On election night 1988, Mr. de la Madrid said, the secretary of the interior advised him that the initial results were running heavily against the PRI. The public demanded returns, Mr. de la Madrid wrote. And rather than giving them, the government lied and said the computer system tabulating the votes had crashed.
This was the advice to Mr. de la Madrid from the president of the PRI: 'You have to proclaim the triumph of the PRI. It is a tradition that we cannot break without causing great alarm among the citizens.'
As midnight approached, Mr. de la Madrid learned that the leading opposition candidates were preparing to add more confusion to the outcome of the election by each declaring himself the winner. The PRI, he decided, had to pre-empt them, and without any official vote count, the president of the PRI declared his party the winner. A beleaguered Mr. Salinas did not show his face until the next day.

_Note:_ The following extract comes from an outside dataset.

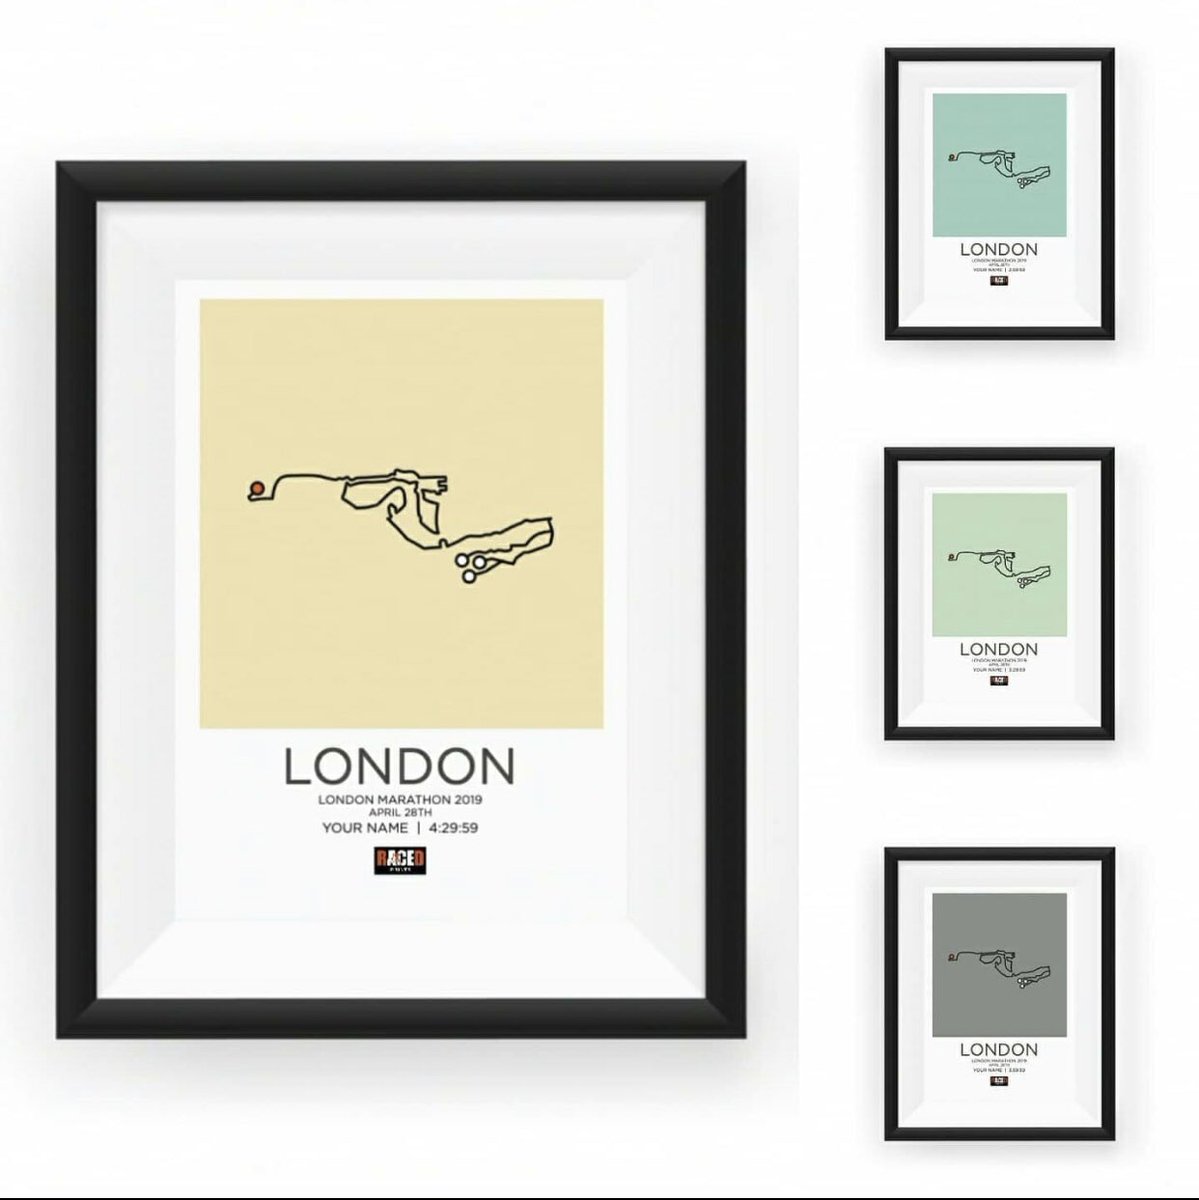 Still basking in the glory of finishing this years @LondonMarathon and want to commemorate your success? Then why not treat yourself to your very own personalised London race print. racedcoaching.com/shop/ols/produ… @UKRunChat
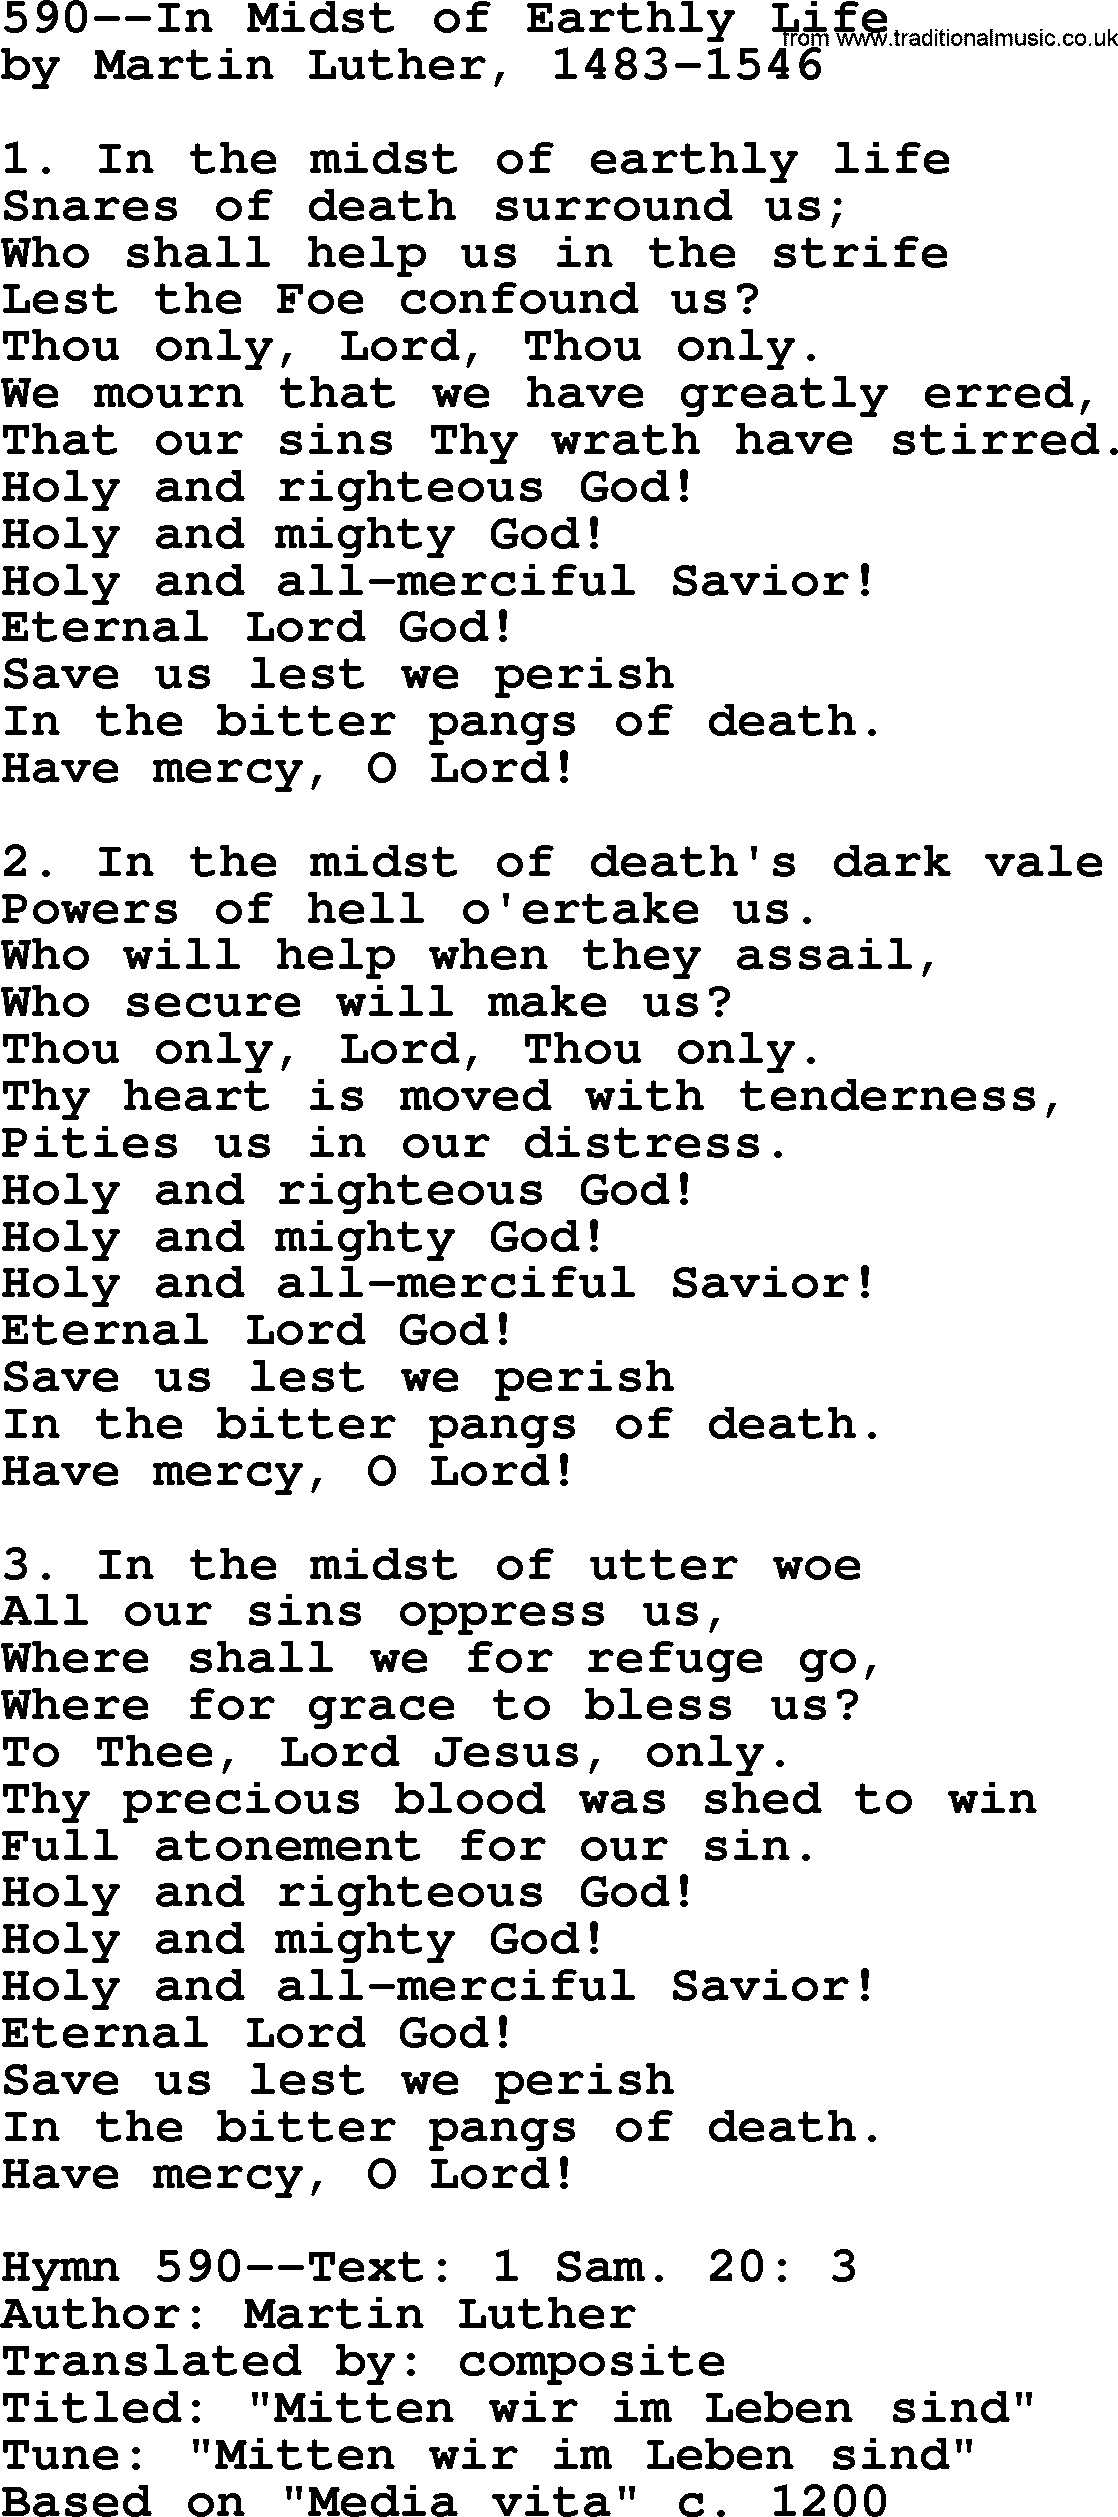 Lutheran Hymn: 590--In Midst of Earthly Life.txt lyrics with PDF

'The electoral upset was a political earthquake for us,' Mr. de la Madrid wrote. 'As in any emergency, we had to act because the problems were rising fast. There was not a moment for great meditation, we needed agility in our response to consolidate the triumph of the PRI.'
Three years later, in an alliance between the PRI and the conservative National Action Party, the Mexican Congress ordered the ballots of the 1988 election burned, and the only hard evidence of the fraud committed that July night went up in smoke.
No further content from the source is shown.